• **Directions**
After finding the line containing "Exquisitely detailed beaded, sequin" below, please output that line and each following one through the line containing "Women's Athleisure Belted", exactly as written.

• **Given entries**

━━━━━━

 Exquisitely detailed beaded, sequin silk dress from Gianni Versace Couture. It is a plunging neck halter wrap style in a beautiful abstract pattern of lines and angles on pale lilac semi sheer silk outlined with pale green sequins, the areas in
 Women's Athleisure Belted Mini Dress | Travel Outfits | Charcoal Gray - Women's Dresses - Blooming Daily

━━━━━━

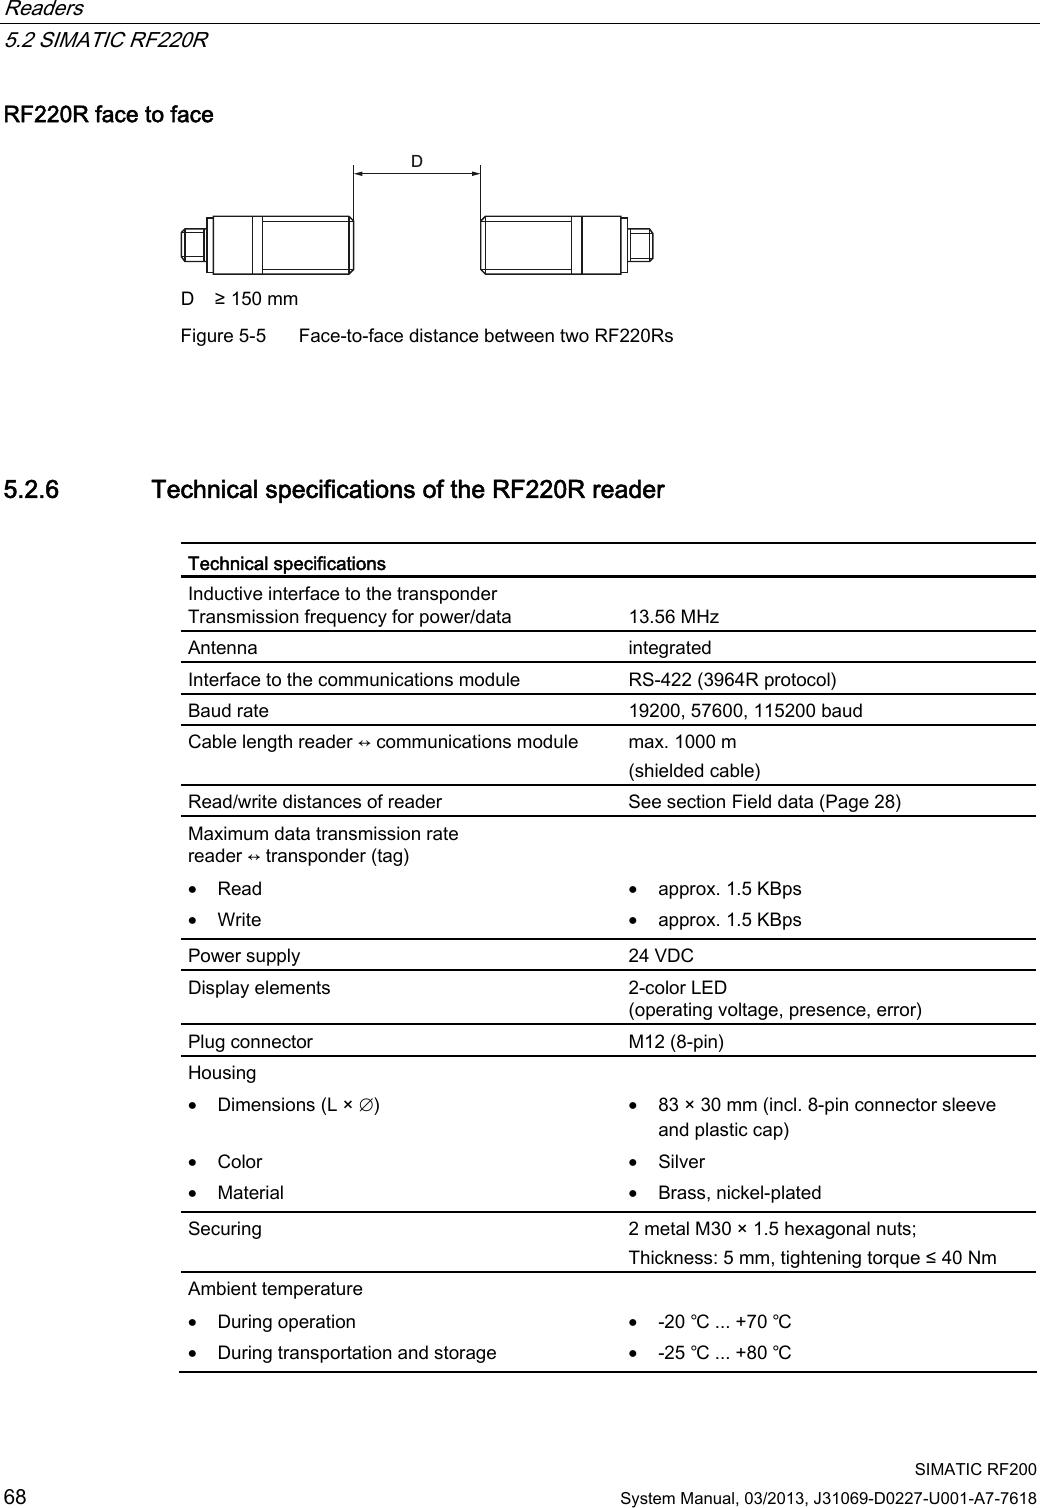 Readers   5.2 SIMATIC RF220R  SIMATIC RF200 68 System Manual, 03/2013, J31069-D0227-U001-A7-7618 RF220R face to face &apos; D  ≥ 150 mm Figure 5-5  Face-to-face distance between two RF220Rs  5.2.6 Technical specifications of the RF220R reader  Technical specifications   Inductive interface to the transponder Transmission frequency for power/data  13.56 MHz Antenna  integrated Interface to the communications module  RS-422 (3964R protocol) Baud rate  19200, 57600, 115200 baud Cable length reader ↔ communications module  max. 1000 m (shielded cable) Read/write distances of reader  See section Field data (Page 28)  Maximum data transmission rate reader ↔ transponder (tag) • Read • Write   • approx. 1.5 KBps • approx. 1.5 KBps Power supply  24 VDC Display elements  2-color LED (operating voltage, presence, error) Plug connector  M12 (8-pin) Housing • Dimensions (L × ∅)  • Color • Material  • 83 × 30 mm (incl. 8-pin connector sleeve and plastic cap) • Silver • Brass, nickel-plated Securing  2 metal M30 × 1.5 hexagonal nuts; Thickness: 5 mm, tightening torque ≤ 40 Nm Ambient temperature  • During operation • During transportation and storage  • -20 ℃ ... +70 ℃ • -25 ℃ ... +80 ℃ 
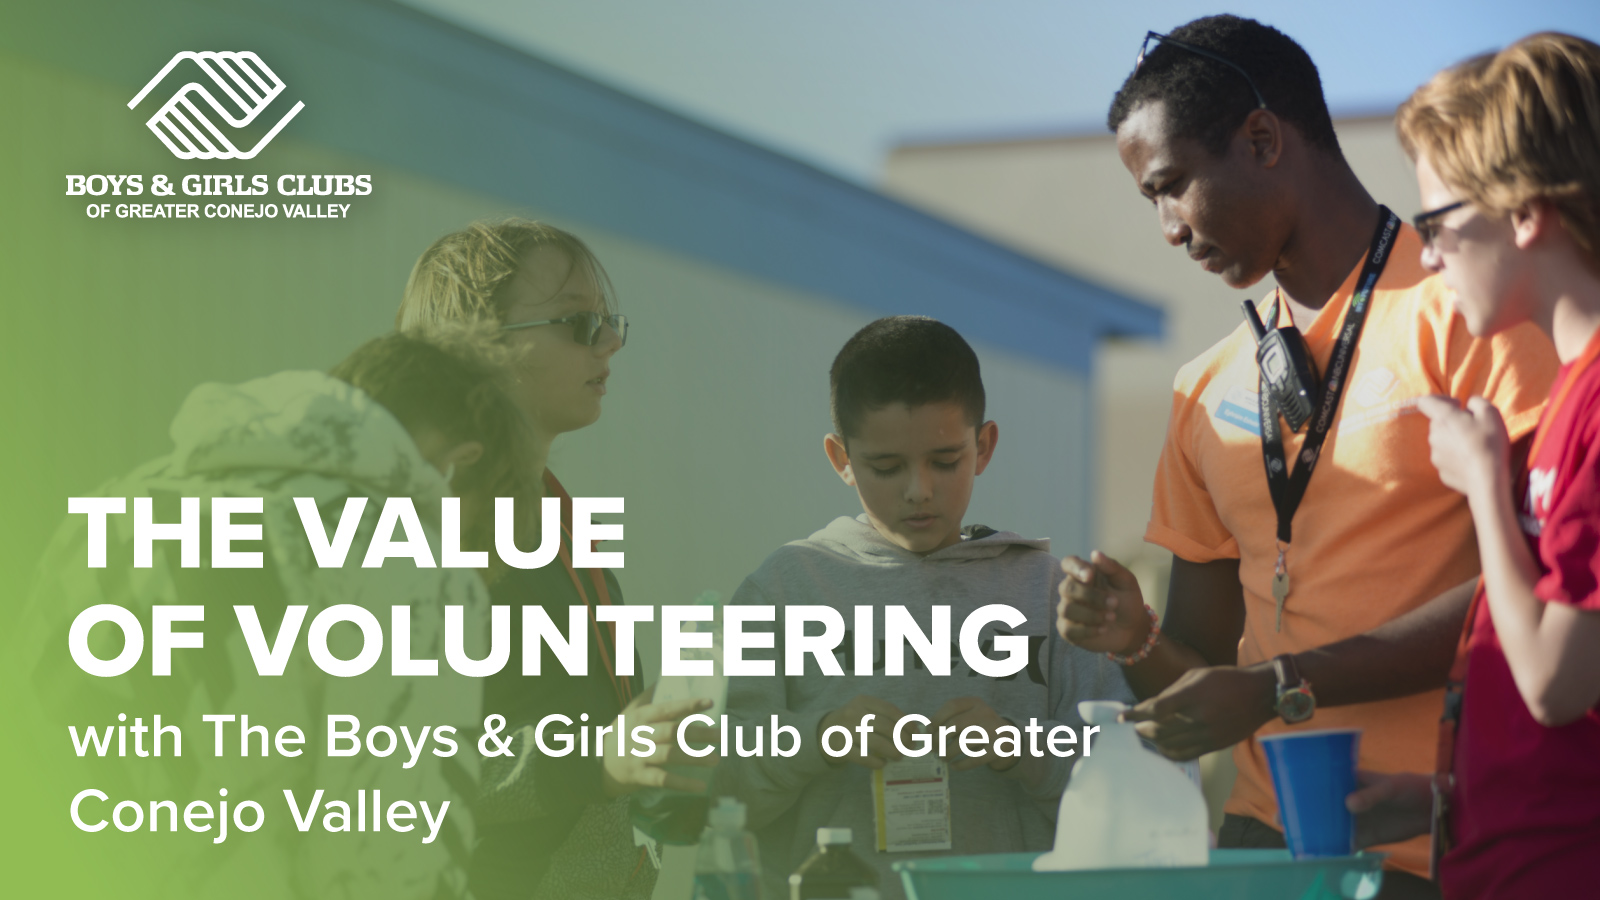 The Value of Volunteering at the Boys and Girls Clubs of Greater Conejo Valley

━━━━━━

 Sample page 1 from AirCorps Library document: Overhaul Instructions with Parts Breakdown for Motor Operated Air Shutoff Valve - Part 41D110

━━━━━━

• **Output**
 Exquisitely detailed beaded, sequin silk dress from Gianni Versace Couture. It is a plunging neck halter wrap style in a beautiful abstract pattern of lines and angles on pale lilac semi sheer silk outlined with pale green sequins, the areas in
 Women's Athleisure Belted Mini Dress | Travel Outfits | Charcoal Gray - Women's Dresses - Blooming Daily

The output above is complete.